As empresas estatais brasileiras de maneira geral são lucrativas, eficientes, funcionam como fomentadoras de diversos setores econômicos, tem função social e estimulam a formação de mão de obra. Algumas são ilhas de excelência em seus setores. Qualquer discussão sobre a pertinência ou não de cada privatização é inútil porque não leva em consideração o grande quadro onde as privatizações estão inseridas.

A insanidade em curso no país é um momento de um projeto posto em prática desde o fim do regime militar. No decorrer desse tempo assumiu velocidade maior ou menor e agora está a todo vapor. No jornal O Estado de S. Paulo, diz o Professor José Luís Oreiro, do Departamento de Economia da Universidade de Brasília, ser a privatização da CMB “totalmente simbólica” e “irrelevante do ponto de vista econômico” e pergunta “o que nós brasileiros sabemos produzir se não conseguimos fabricar a própria moeda?”
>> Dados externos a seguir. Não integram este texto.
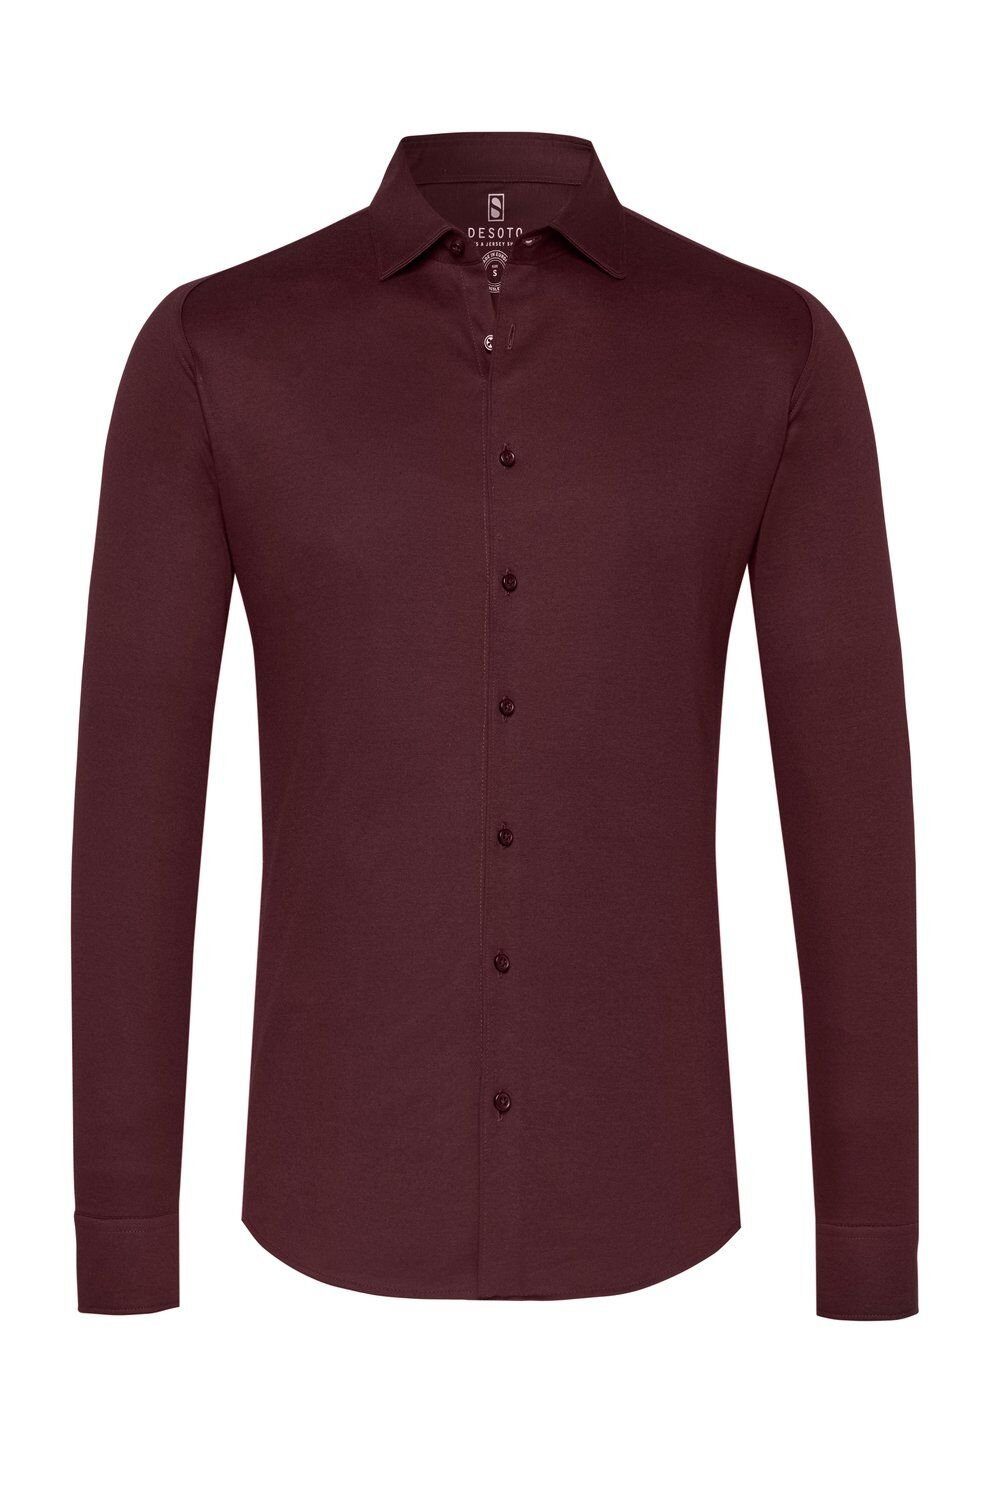 Desoto im piquee burgundy dark Businesshemd Uni-Look

O Estado não está recuando em favor do setor privado mas sim, o setor privado está avançando sobre o Estado, formando um estado cuja única finalidade é estimular o apetite dos capitalistas. Ao dizer que a agenda da Câmara dos Deputados é a agenda do mercado o seu presidente sintetizou o modelo que está sendo posto em prática.

É fácil observar que cada vez mais atividades típicas de estado estão sendo exercidas pelo setor privado e a tendência é que se chegue a um ponto onde a distinção entre público e privado não mais terá sentido. Dentro desta política não há lugar para as empresas estatais, que são propriedades e fruto do trabalho do povo.